We think you need these skills to ace Senior Systems Engineer – Performance & Reliability (Analysis) London, UK
Some tips for your application 🫡
Tailor Your CV: Make sure your CV reflects the skills and experiences that match the job description. Highlight your software engineering experience, especially in Linux-based environments and Python, as these are key for us.
Craft a Compelling Cover Letter: Use your cover letter to tell us why you're passionate about performance and reliability in systems engineering. Share specific examples of how you've tackled similar challenges in the past.
Showcase Your Problem-Solving Skills: In your application, emphasise your ability to interpret results and make decisions based on data. We love engineers who can think critically about uncertainty and evidence!
Apply Through Our Website: We encourage you to apply directly through our website. It’s the best way for us to receive your application and ensures you don’t miss out on any important updates from our team.
How to prepare for a job interview at graphcore
✨Know Your Systems Inside Out
Make sure you have a solid understanding of systems engineering principles, especially in performance and reliability. Brush up on your experience with Linux-based environments and distributed systems, as these will be key topics during the interview.
✨Prepare for Data Interpretation Questions
Expect questions that challenge your ability to interpret performance data. Be ready to discuss how you would approach analysing system behaviour under load and what metrics you would consider important for making engineering decisions.

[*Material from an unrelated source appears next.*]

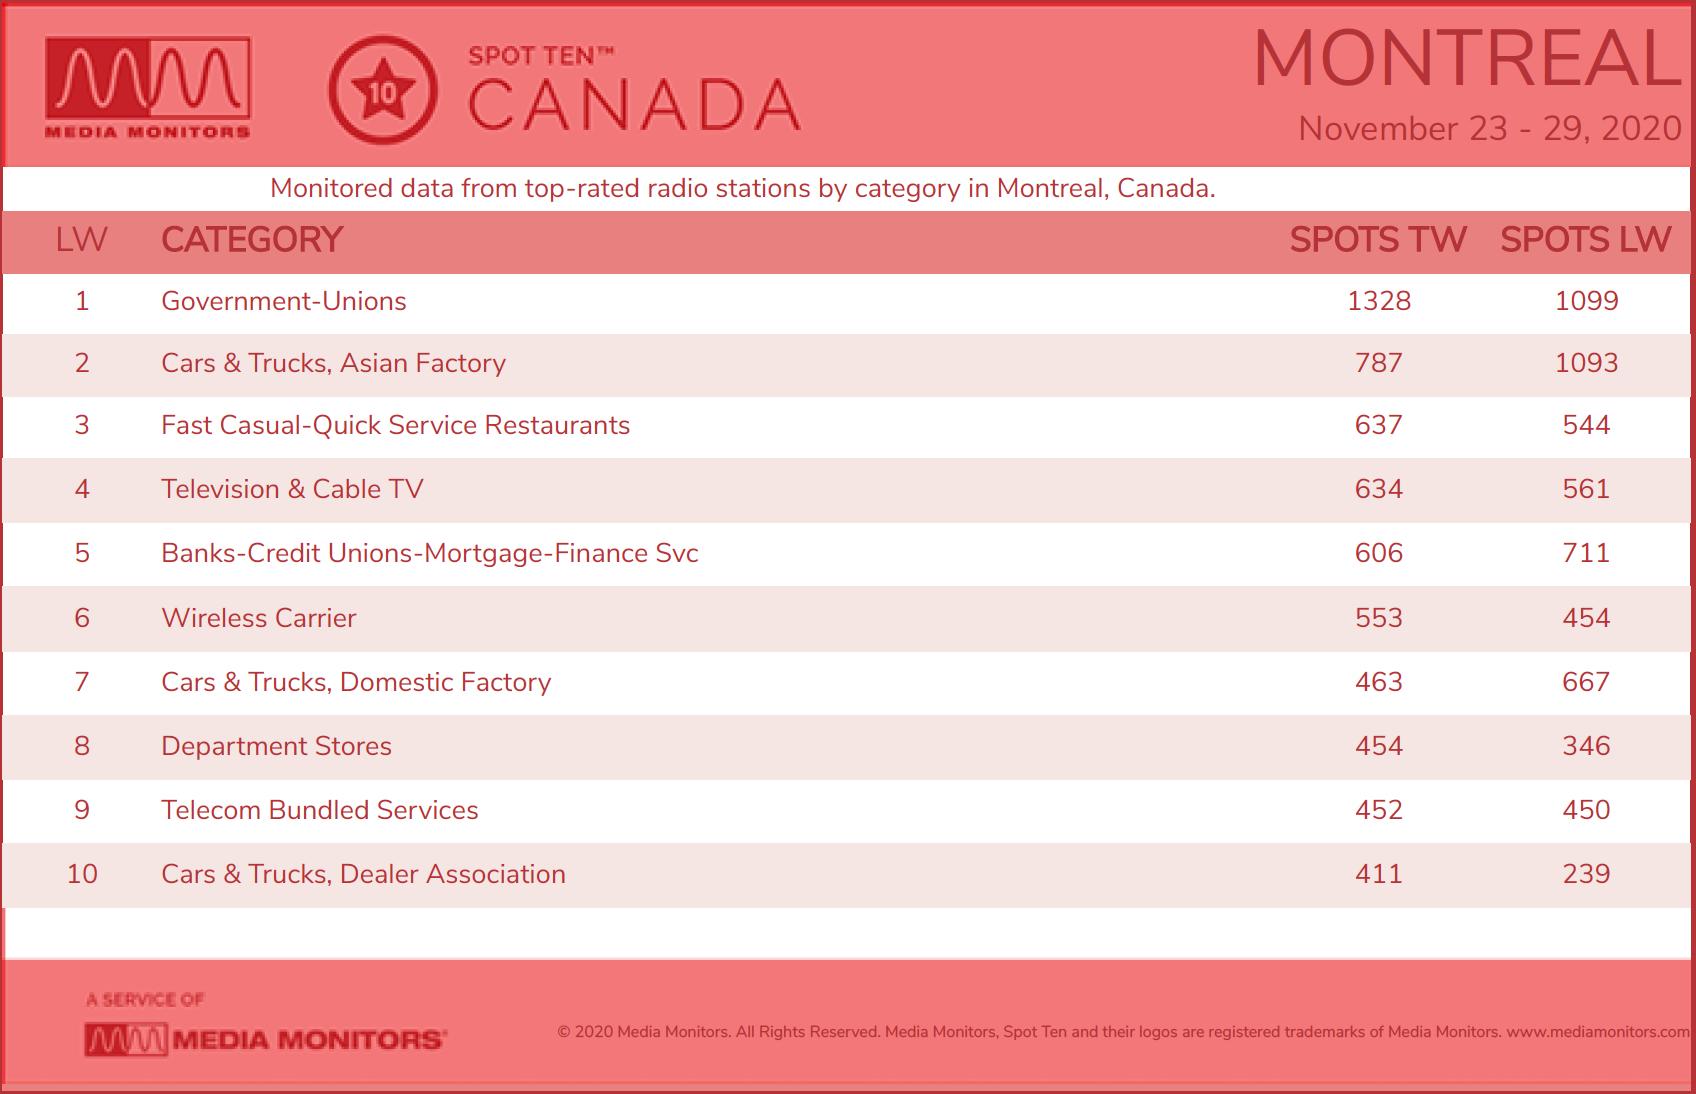 Montreal Category - Nov 23-29

✨Showcase Your Software Skills
Highlight your proficiency in Python and any other programming languages you know, like C++. Be prepared to discuss your experience with automation and CI/CD systems, as well as how you've used these tools in past projects.
✨Emphasise Problem-Solving Abilities
Graphcore values engineers who can think critically about uncertainty and evidence. Prepare examples from your past work where you had to challenge conclusions based on weak data or navigate ambiguous requirements.